BENGKULU - BPJS Kesehatan Cabang Bengkulu melalui Kepala Bagian Kepesertaan BPJS Kesehatan Cabang Bengkulu, Ricco Hanggara mengungkapkan bahwa seluruh relawan Satuan Pelayanan Pemenuhan Gizi (SPPG) di Provinsi Bengkulu saat ini memang telah terdaftar sebagai peserta BPJS Kesehatan. Namun, kepesertaan mereka masih mengandalkan pembiayaan dari pemerintah pusat maupun pemerintah daerah.

Hal tersebut disampaikan dalam rapat pembahasan hasil tindak lanjut inspeksi mendadak (sidak) oleh Komisi IV DPRD Provinsi Bengkulu dan seluruh jajaran terkait termasuk perwakilan BPJS kesehatan cabang Bengkulu beberapa waktu yang lalu di  11 titik lokasi perwakilan SPPG di kabupaten dan kota.

“Seluruh relawan SPPG memang sudah terdaftar BPJS Kesehatan, tetapi masih berada di segmen segmen Penerima Bantuan Iuran (PBI) APBN dan jaminan kesehatan daerah yang dibiayai pemerintah kabupaten, kota, maupun provinsi. Artinya, iuran mereka saat ini masih dibayarkan oleh pemerintah pusat dan pemerintah daerah,” ujar Ricco di gedung DPRD Provinsi Bengkulu.

BACA JUGA:Termasuk Ratusan Perangkat Desa, 2.755 Warga Kaur Belum Punya BPJS Kesehatan

BACA JUGA:Sejumlah Warga Binaan Asal Kaur Tanpa KTP Hingga BPJS Nonaktif, Wabup Hamid Terima Kepala Rutan Manna

Lebih lanjut, Ricco mengatakan kondisi tersebut seharusnya tidak terus berlangsung, dimana seharusnya yayasan yang menaungi relawan SPPG bertanggung jawab mendaftarkan para relawan beserta anggota keluarganya sebagai peserta BPJS Kesehatan.

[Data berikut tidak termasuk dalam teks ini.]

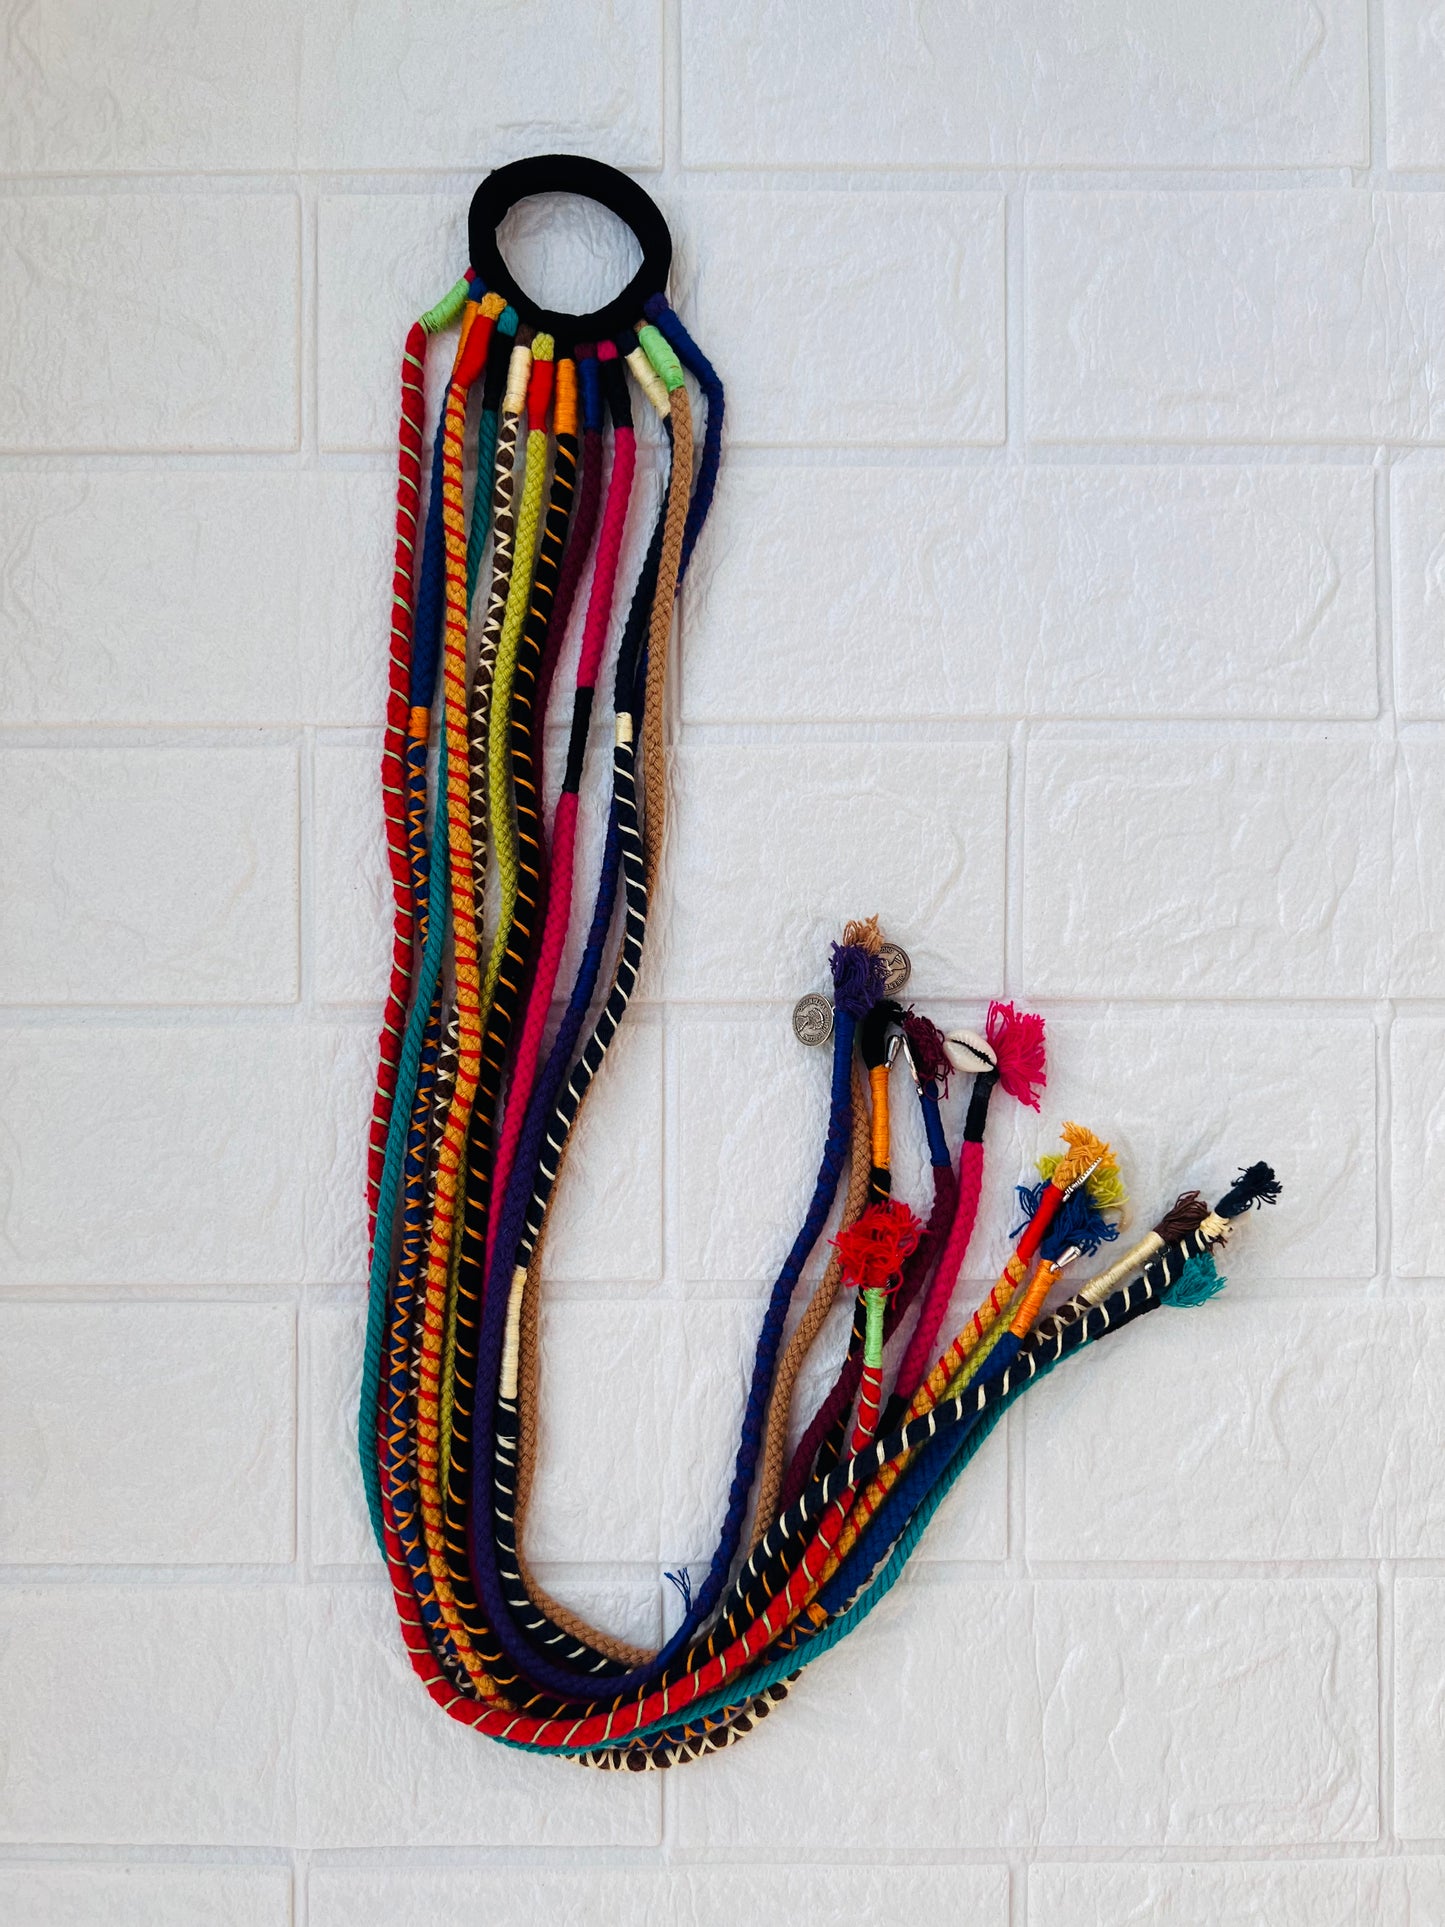 Multicoloured hair strings
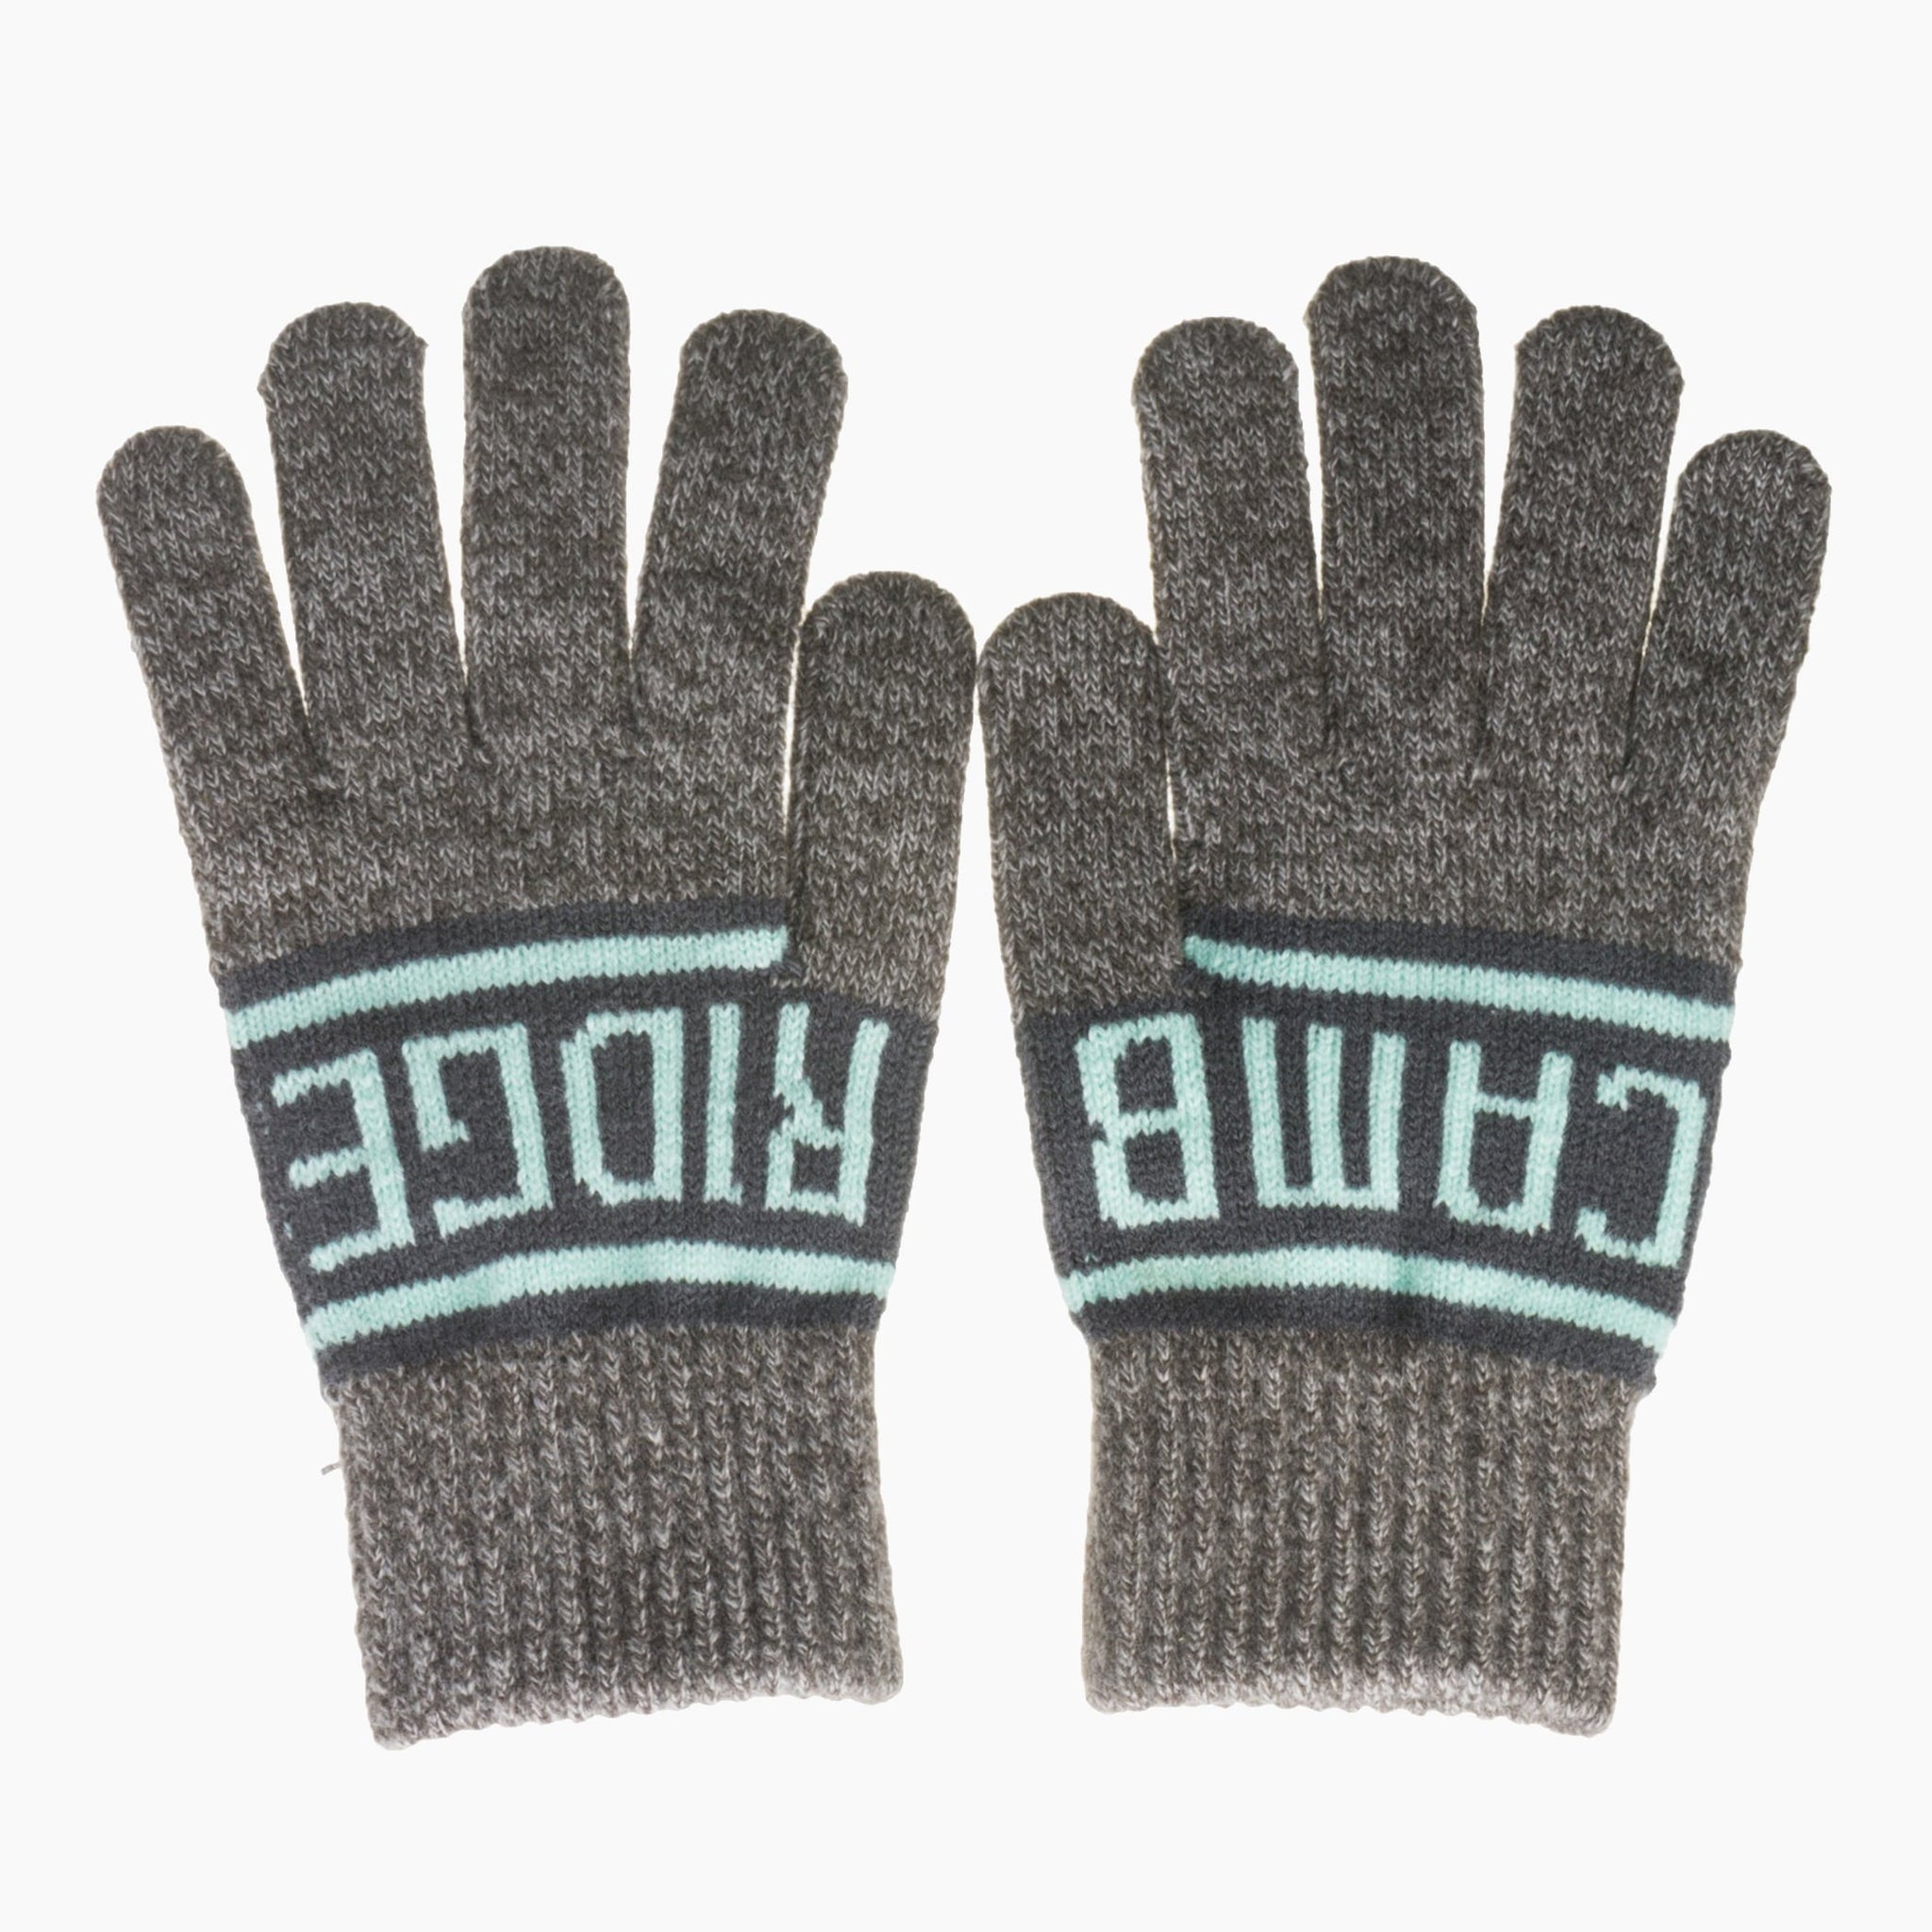 Cambridge Gloves - Robin Ruth
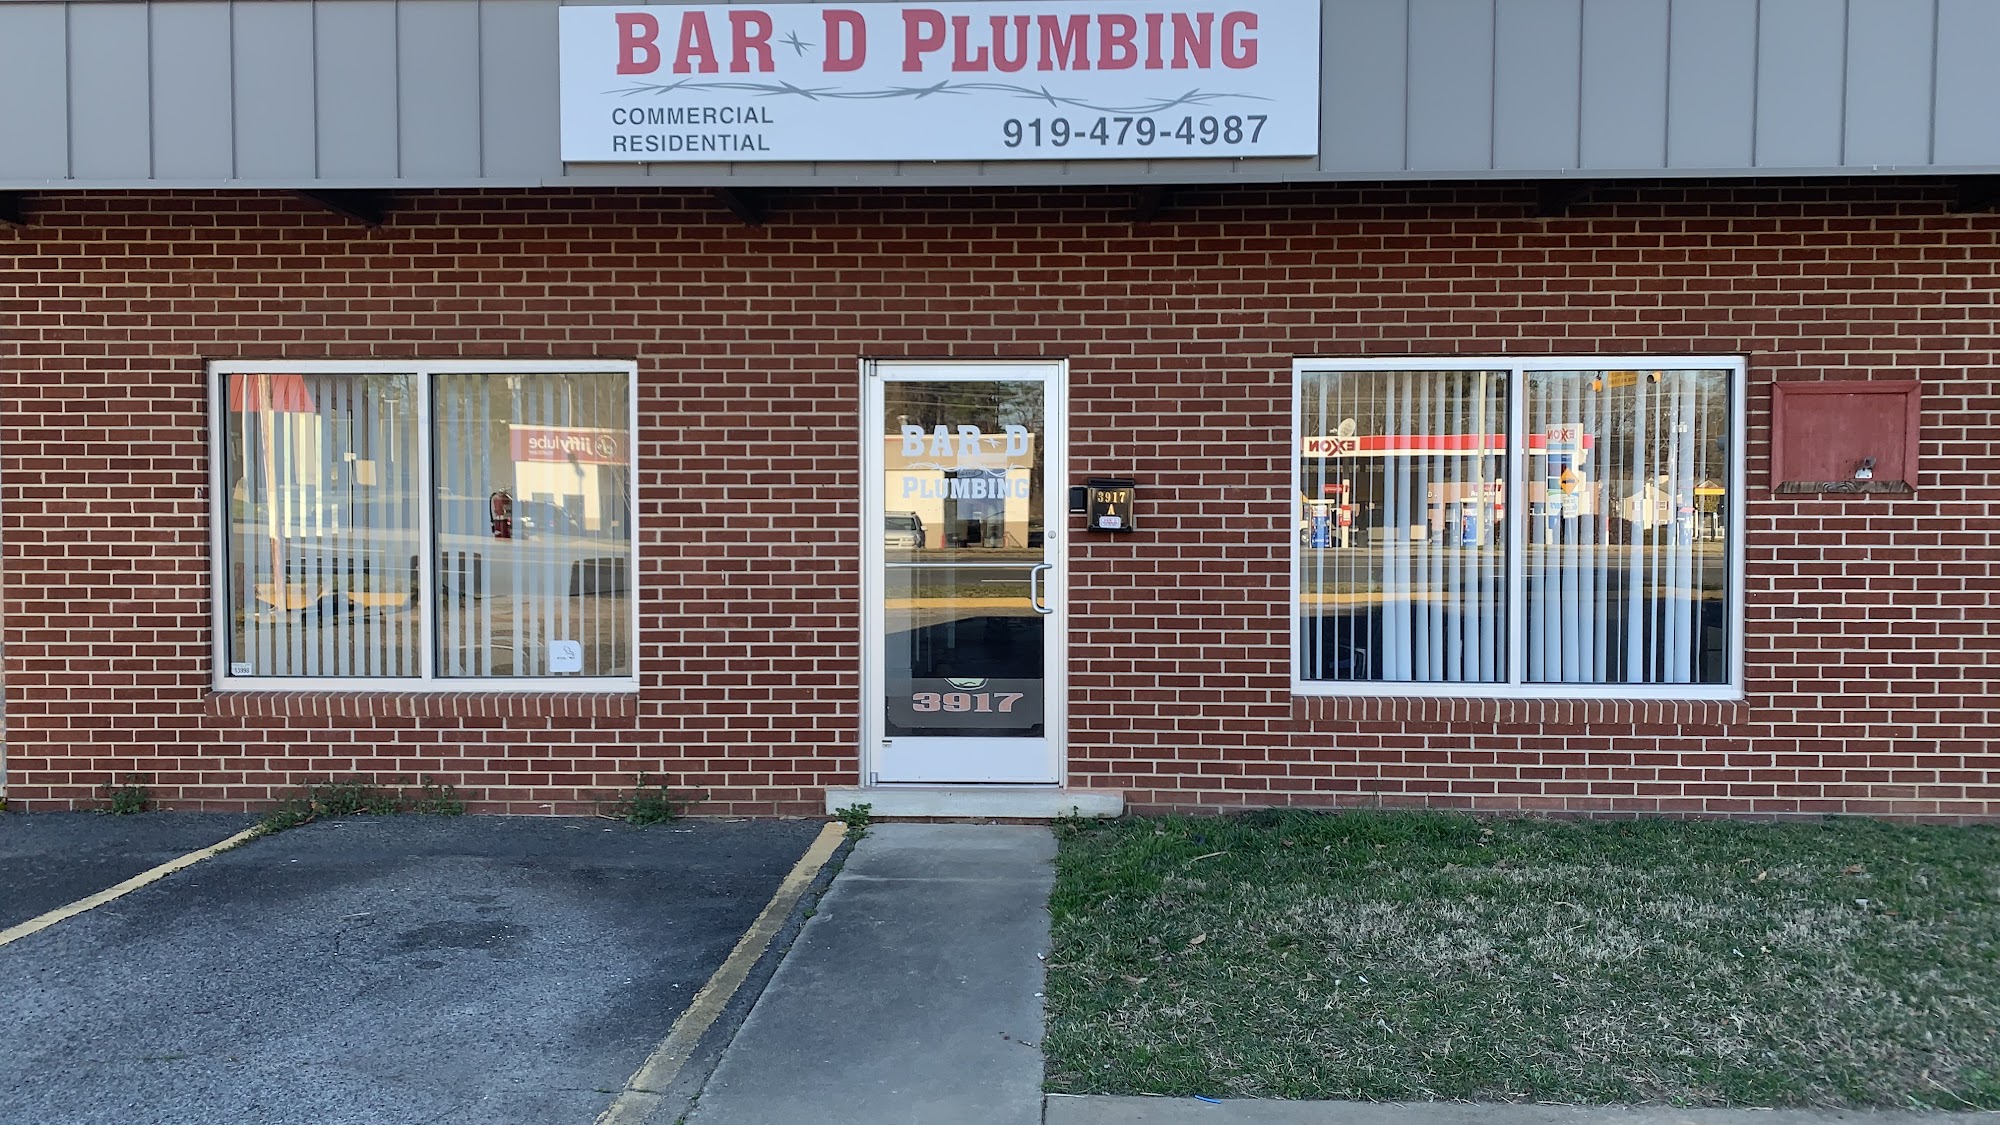 Bar D Plumbing

“Seharusnya yayasan yang mendaftarkan relawan beserta anggota keluarganya, karena mereka sudah memiliki badan usaha dan Nomor Induk Berusaha (NIB), sehingga secara aturan dapat dikategorikan sebagai badan usaha yang wajib memberikan perlindungan jaminan kesehatan kepada pekerjanya” jelasnya.

Namun hingga saat ini, Ricco menyampaikan BPJS Kesehatan mencatat belum ada yayasan SPPG di Provinsi Bengkulu yang mendaftarkan relawannya secara mandiri ke BPJS Kesehatan.

BACA JUGA:1.500 Peserta BPJS Kesehatan Nonaktif, Pemda Kaur Perintahkan Desa

BACA JUGA:5.607 Warga Kaur Dinonaktifkan dari PBI BPJS Kesehatan, Ini Alasannya

“Dari hasil pemantauan kami, seluruh yayasan SPPG di Provinsi Bengkulu belum mendaftarkan relawannya ke BPJS Kesehatan. Jadi saat ini masih mengandalkan pembiayaan dari pemerintah,” katanya.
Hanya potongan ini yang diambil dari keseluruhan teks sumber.